# Confused



## Smiling2

This is my first time on here. My husband and I of 18 years together separated it’s been a year and 3 months. I tried to go to marriage counseling with him but he hated it and so t go back (. He didn’t like being told what he did wrong ). I tried going to dinner with him and our daughter but he never talks to me just her. When I ask him about divorce he doesn’t answer me but will text our daughter about it. Not sure what to do. Feeling very confused


----------



## examp

You seem to be smiling and confused! You dont tell us if you want divorce or not. You really will have to get someone else in the picture to talk between you. No one likes being told what they do wrong so your counsellor wasnt very good. If he went that usually shows he wanted the marriage but I suppose on his terms. Maybe he still wants it. If you post in general relationships you will get more views and replies.


----------



## MattMatt

What does he do that is wrong?


----------



## Smiling2

He talked to our daughter about adult stuff she was in 5th grade when this happened. He is still doing it now. She is a senior in high school. He mentally abused her. He has done so much damage to our relationship. I’ve tried to talk to him about this stuff and he won’t talk about it.


----------



## Diana7

Smiling2 said:


> He talked to our daughter about adult stuff she was in 5th grade when this happened. He is still doing it now. She is a senior in high school. He mentally abused her. He has done so much damage to our relationship. I’ve tried to talk to him about this stuff and he won’t talk about it.
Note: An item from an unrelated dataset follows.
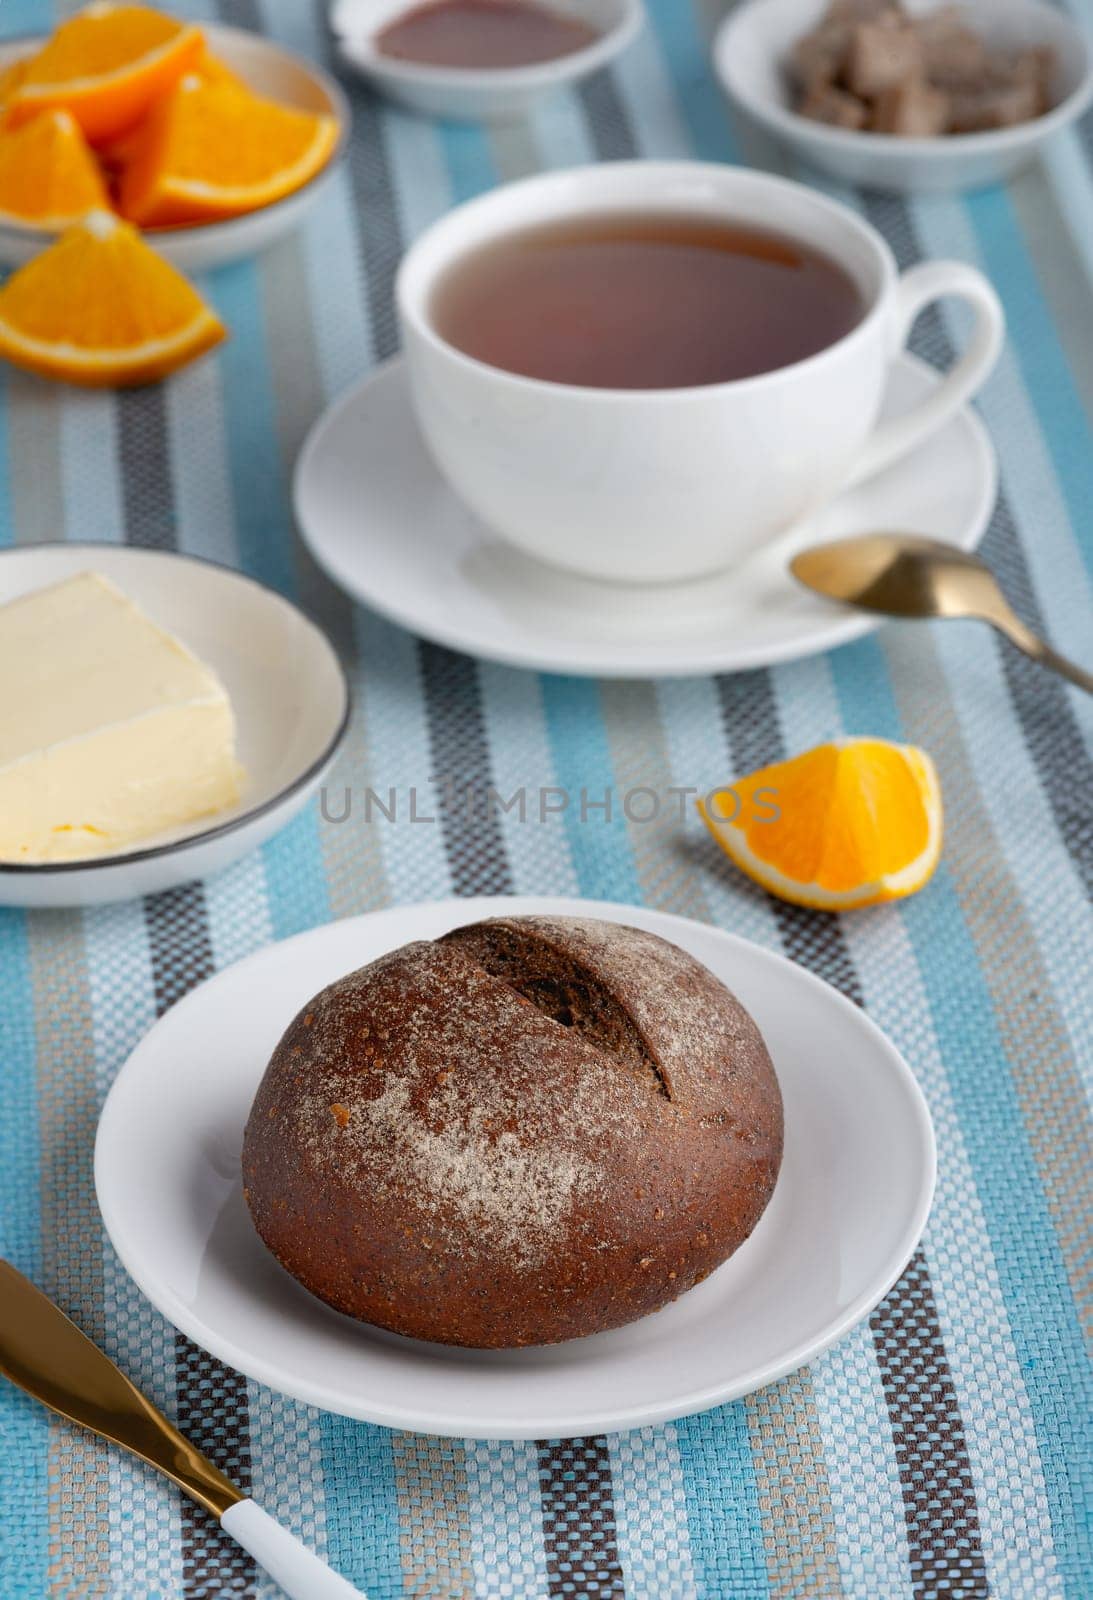 Rye bun and breakfast butter with tea and orange.

In that case why dont you end the marriage? What do you mean by 'adult stuff'?. Why do you both still see him if he mentally abused her.?


----------



## Smiling2

We have been separated for two years. We hardly see him any more. I’ve been trying to talk to him about it but he won’t talk about it.


----------



## examp

Does your daughter also think he 'mentally' abused her or only you. You do say he still talks to her and I suppose that usually means she also replies.


----------



## MattMatt

Does your daughter see him?


----------



## EleGirl

Smiling2 said:


> We have been separated for two years. We hardly see him any more. I’ve been trying to talk to him about it but he won’t talk about it.


It sounds like he has no interesting in getting back with you. That's probably why he's not talking to you. 

Do you know why he has not filed for divorce if he does not want to be with you?

Have you considered filing for divorce?


----------



## Ragnar Ragnasson

OP, there are too many directions going on here, can you provide additional real details in regards to varying topics?

Forgive me, there are only topics named,glossed on then moving on.

Hang in there. Make sure you have plans to care for you and to co-parent, in the worst case scenario.

Btw the mental abuse you mentioned re daughter is either your perception or it's a true item needing attention. 

Kindly, two very different approaches are called for in that one circumstance.


----------